Bristol Myers Squibb (BMS) and 2seventy bio – a spin-out of bluebird bio – have announced positive results from a phase 3 trial of their CAR-T cell therapy Abecma (idecabtagene vicleucel) in relapsed or refractory multiple myeloma.

Multiple myeloma is a blood cancer that impacts plasma cells – a type of white blood cell – which are found in the bone marrow.

The American Cancer Society estimates that over 35,000 new cases of multiple myeloma will be diagnosed in the US this year, with over 12,000 deaths expected as a result of the disease.

Paula Rodriguez-Otero from the department of haematology at Clinica Universidad de Navarra said: “In earlier lines of treatment for multiple myeloma, regimens consisting of immunomodulatory agents, proteasome inhibitors, and anti-CD38 monoclonal antibodies are often used to help manage the disease.

“This shift in the treatment paradigm leaves many patients who are triple-class exposed with relapsed and refractory disease and in need of new treatment options sooner.

The companies’ phase 3 KarMMa-3 study compared Abecma with standard combination regimens in adults with relapsed and refractory multiple myeloma after two to four prior lines of therapy

The study met its primary endpoint of progression-free survival, with Abecma demonstrating a 51% reduction in risk of disease progression or death over standard care.

According to the companies, this marks the first time a CAR-T cell therapy has shown superiority over standard regimens in triple-class exposed relapsed and refractory multiple myeloma in a randomised, controlled phase 3 trial.

The therapy also showed an improvement in the key secondary endpoint of overall response rate, with 71% of Abecma-treated patients achieving a response, and 39% achieving a complete or stringent complete response.

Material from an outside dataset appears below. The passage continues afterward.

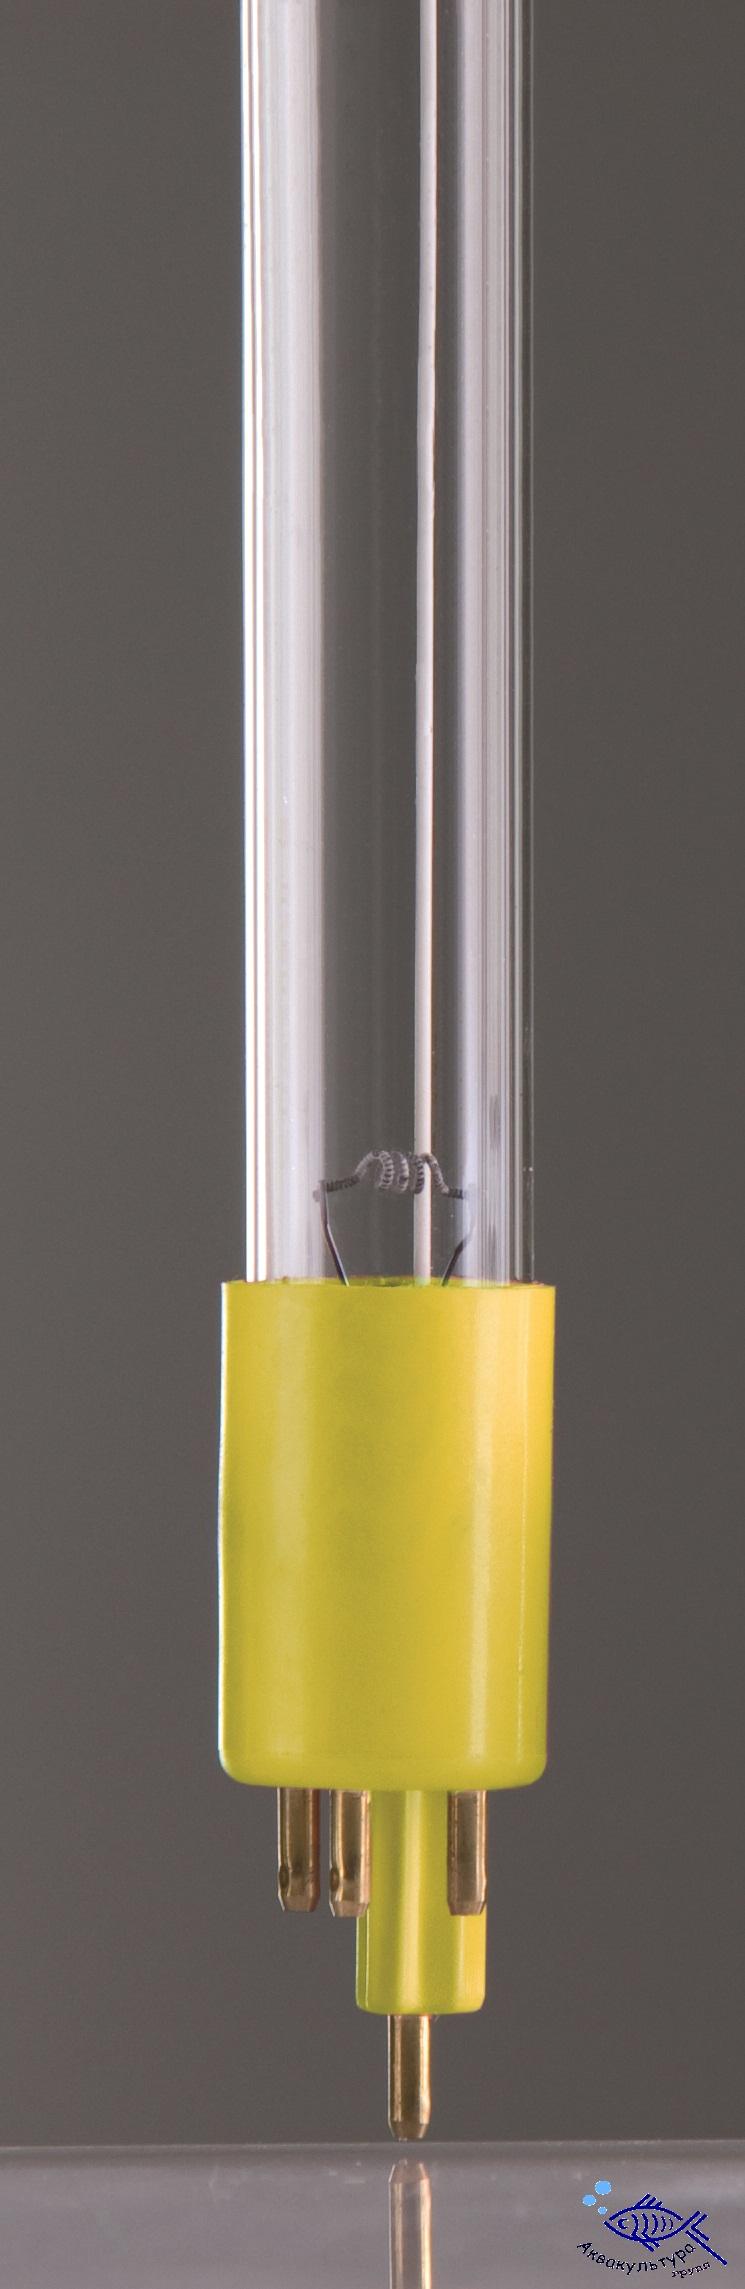 AOP COMPACT OZONE + УФ-стерилизатор низкого давления для солёной воды

In comparison, 41% of patients who received standard regimens achieved a response, and 5% experienced a complete or stringent complete response.

Anne Kerber, senior vice president, cell therapy development at BMS, said: “This represents the third New England Journal of Medicine publication for Abecma, showing the clear clinical benefit of using Abecma across lines of therapy for patients with triple-class exposed relapsed and refractory multiple myeloma to provide the best chance for lasting disease control.”

The companies said in a statement that they intend to include this data in a planned supplemental biologics licence application submission to the US Food and Drug Administration this year.